▸ **EXERCISE DATA**
++++++

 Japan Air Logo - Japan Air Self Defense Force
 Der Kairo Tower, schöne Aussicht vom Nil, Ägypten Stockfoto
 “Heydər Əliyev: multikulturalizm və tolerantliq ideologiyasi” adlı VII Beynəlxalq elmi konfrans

++++++

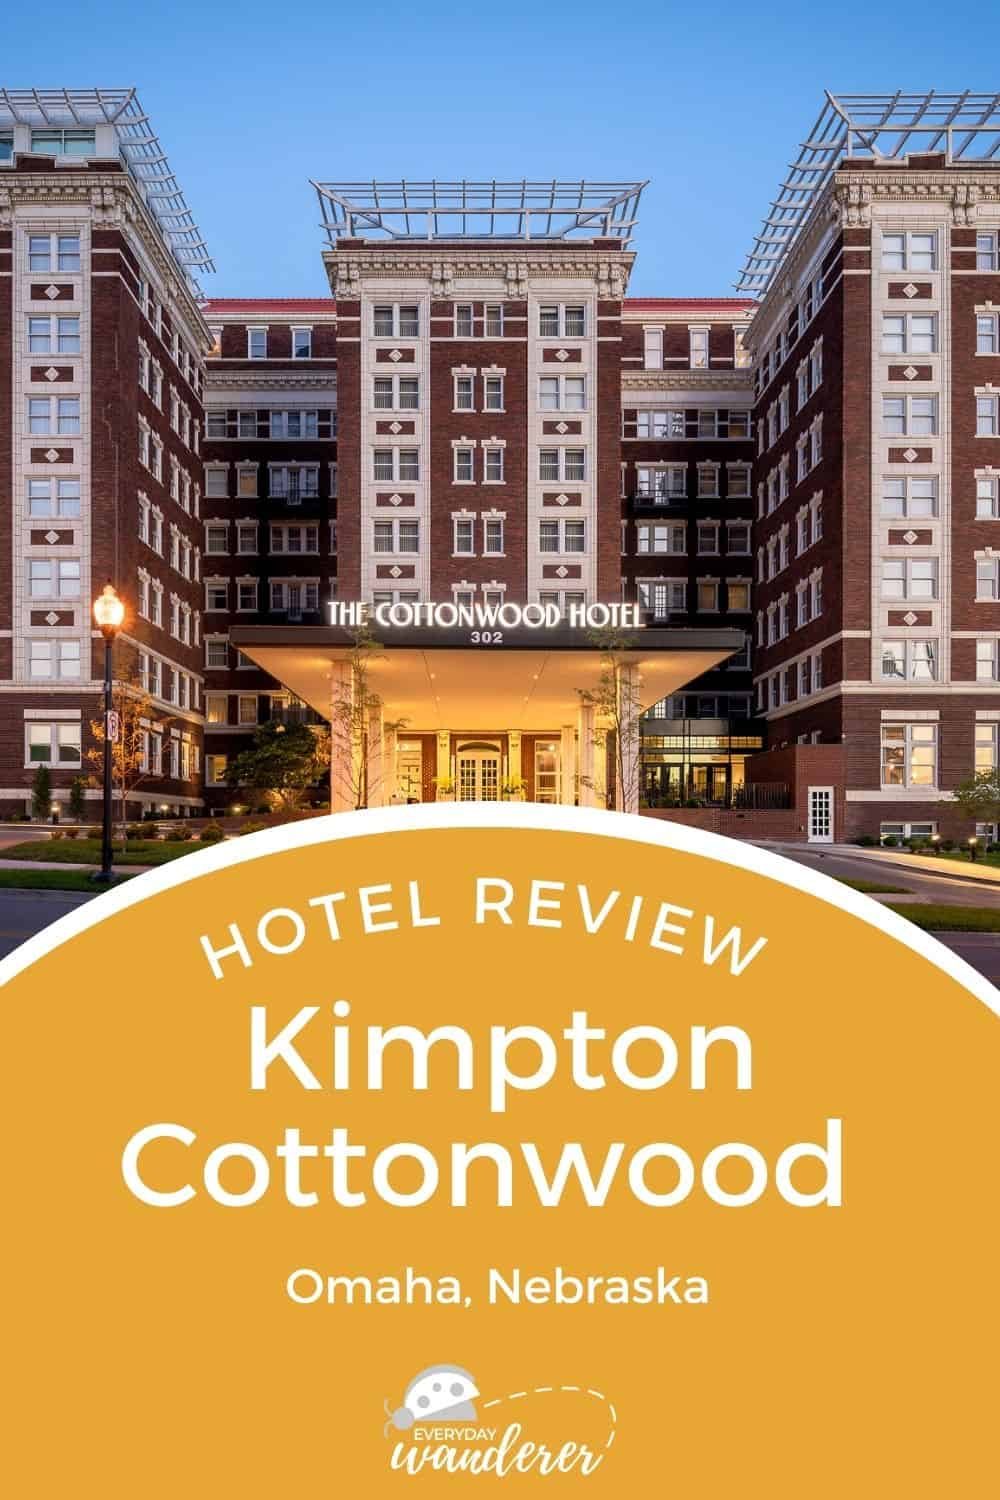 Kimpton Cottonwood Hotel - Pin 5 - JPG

++++++

▸ **WORK TO COMPLETE**
Starting at the line above that contains "Japan Air Logo", repeat each line exactly up to and including the line that contains "Beynəlxalq elmi konfrans", and stop there.

▸ **SOLUTION BELOW**
 Japan Air Logo - Japan Air Self Defense Force
 Der Kairo Tower, schöne Aussicht vom Nil, Ägypten Stockfoto
 “Heydər Əliyev: multikulturalizm və tolerantliq ideologiyasi” adlı VII Beynəlxalq elmi konfrans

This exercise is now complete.